Eso fue lo más destacable del viaje a Catalina. No pasaron muchas más cosas. Antes de irnos, Vicki fue a la Cámara de Comercio y les dio las gracias por haberle hecho pasar unos días tan maravillosos. También le dio las gracias a la señora del bar Davey Jones y compró regalos para sus amigos Lita y Walter y Ava y su hijo Mike y algo para mí, y algo para Annie y algo para el señor y la señora Croty, y algunos más que no recuerdo.

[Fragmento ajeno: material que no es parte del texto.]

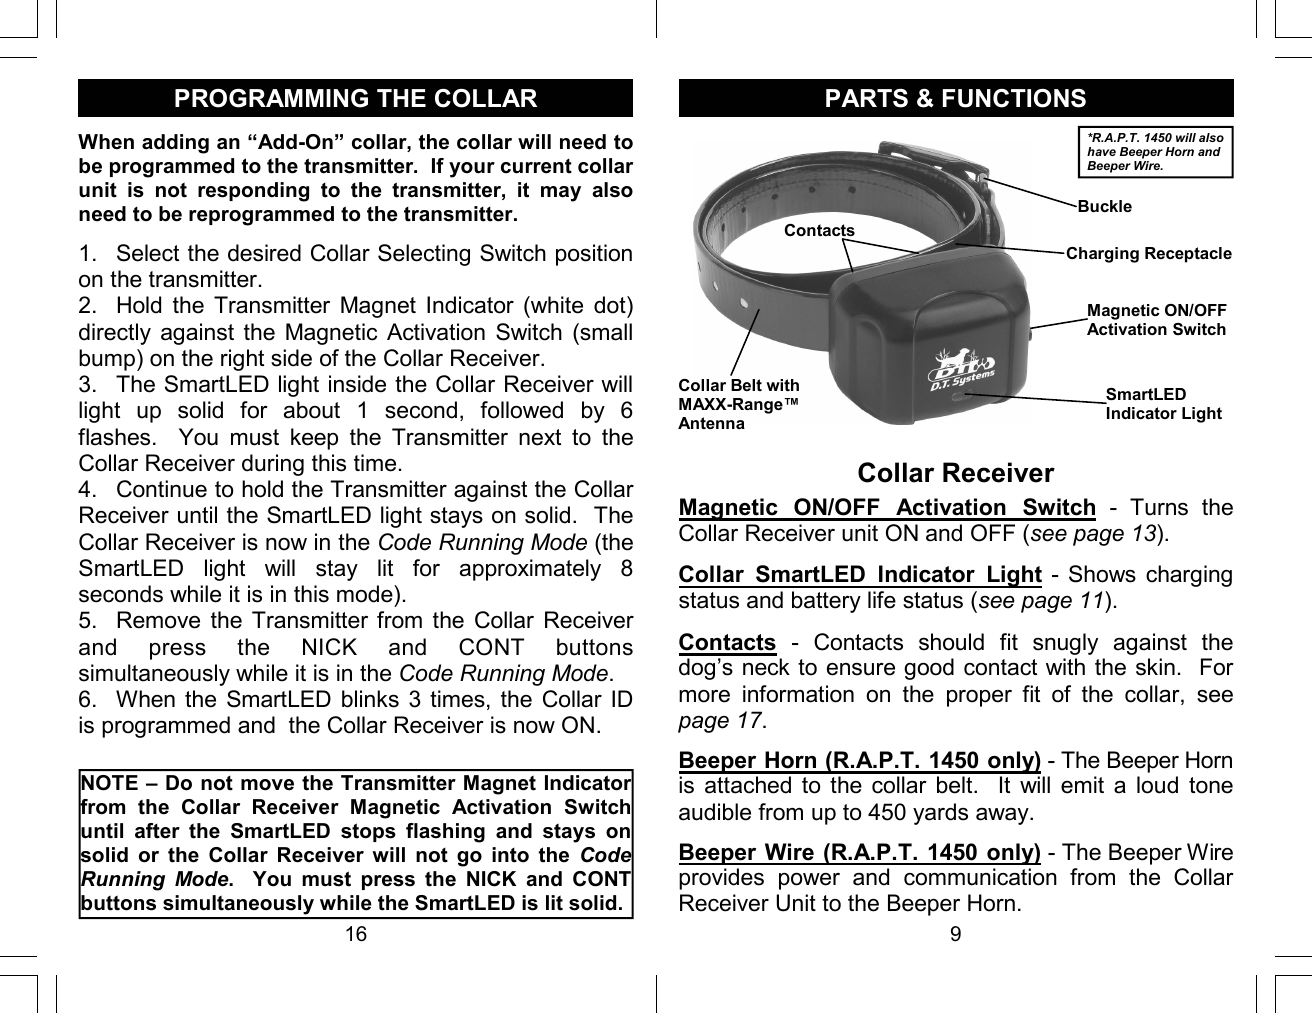 16 PROGRAMMING THE COLLAR When adding an “Add-On” collar, the collar will need to be programmed to the transmitter.  If your current collar unit  is  not  responding  to  the  transmitter,  it  may  also need to be reprogrammed to the transmitter.   1.  Select the desired Collar Selecting Switch position on the transmitter. 2.  Hold  the  Transmitter  Magnet  Indicator  (white  dot) directly against  the Magnetic  Activation Switch  (small bump) on the right side of the Collar Receiver. 3.  The SmartLED light inside the Collar Receiver will light  up  solid  for  about  1  second,  followed  by  6 flashes.    You  must  keep  the  Transmitter  next  to  the Collar Receiver during this time. 4.  Continue to hold the Transmitter against the Collar Receiver until the SmartLED light stays on solid.  The Collar Receiver is now in the Code Running Mode (the SmartLED  light  will  stay  lit  for  approximately  8 seconds while it is in this mode). 5.  Remove  the  Transmitter  from the  Collar  Receiver and  press  the  NICK  and  CONT  buttons simultaneously while it is in the Code Running Mode. 6.  When the SmartLED blinks 3 times, the Collar ID is programmed and  the Collar Receiver is now ON.   NOTE – Do not move the Transmitter Magnet Indicator from  the  Collar  Receiver  Magnetic  Activation  Switch until  after  the  SmartLED  stops  flashing  and  stays  on solid  or  the  Collar  Receiver  will  not  go  into  the  Code Running  Mode.    You  must  press  the  NICK  and  CONT buttons simultaneously while the SmartLED is lit solid.  9 Collar Receiver PARTS &amp; FUNCTIONS Contacts  -  Contacts  should  fit  snugly  against  the dog’s neck to ensure good contact with the skin.  For more  information  on  the  proper  fit  of  the  collar,  see page 17. *R.A.P.T. 1450 will also have Beeper Horn and Beeper Wire. Charging Receptacle SmartLED Indicator Light Magnetic ON/OFF Activation Switch Contacts Collar Belt with MAXX-Range™   Antenna Collar  SmartLED  Indicator  Light -  Shows charging status and battery life status (see page 11). Magnetic  ON/OFF  Activation  Switch  -  Turns  the Collar Receiver unit ON and OFF (see page 13). Buckle Beeper Horn (R.A.P.T. 1450 only) - The Beeper Horn is  attached  to the  collar  belt.    It  will  emit  a  loud  tone audible from up to 450 yards away. Beeper Wire (R.A.P.T. 1450 only) - The Beeper Wire provides  power  and  communication  from  the  Collar Receiver Unit to the Beeper Horn.

Subimos al barco con nuestra jaula y nuestro pájaro y nuestra neverita y nuestra maleta y nuestra máquina de escribir eléctrica. Encontré un hueco en la parte trasera del barco y nos sentamos allí. Vicki estaba triste porque se había -acabado todo. Me había encontrado con Hemingway en la calle y me había dado un estrechón de manos a la manera hippie, me había preguntado si yo era judío y si iba a volver, y yo le había dicho que no respecto a lo de judío y que no sabía si iba a volver, que dependía de la señora, y él había dicho, no quiero inmiscuirme en tus asuntos personales, y yo había dicho, Hemingway, de verdad que eres divertido, y el barco comenzó a doblar hacia la izquierda y brincó y bamboleó y un joven que parecía como si acabase de sufrir un tratamiento de electroterapia pasó entre los pasajeros repartiendo bolsas de papel para los vómitos. Pensé que quizás era mejor el hidroavión, eran sólo doce minutos y mucha menos gente. Y San Pedro iba apareciendo lentamente, civilización, civilización, humo y asesinatos, mucho más bonito, mucho más bonito, los locos y los borrachos son los últimos santos que quedan sobre la tierra. Nunca he montado a caballo o jugado a los bolos, ni he visto los Alpes, y Vicki me miraba con su sonrisa infantil, y pensé que ella era una mujer en verdad fascinante, bueno, ya era hora de tener un poco de suerte, estiré las piernas y miré al frente. Necesitaba cagar de nuevo. Decidí dejar la bebida.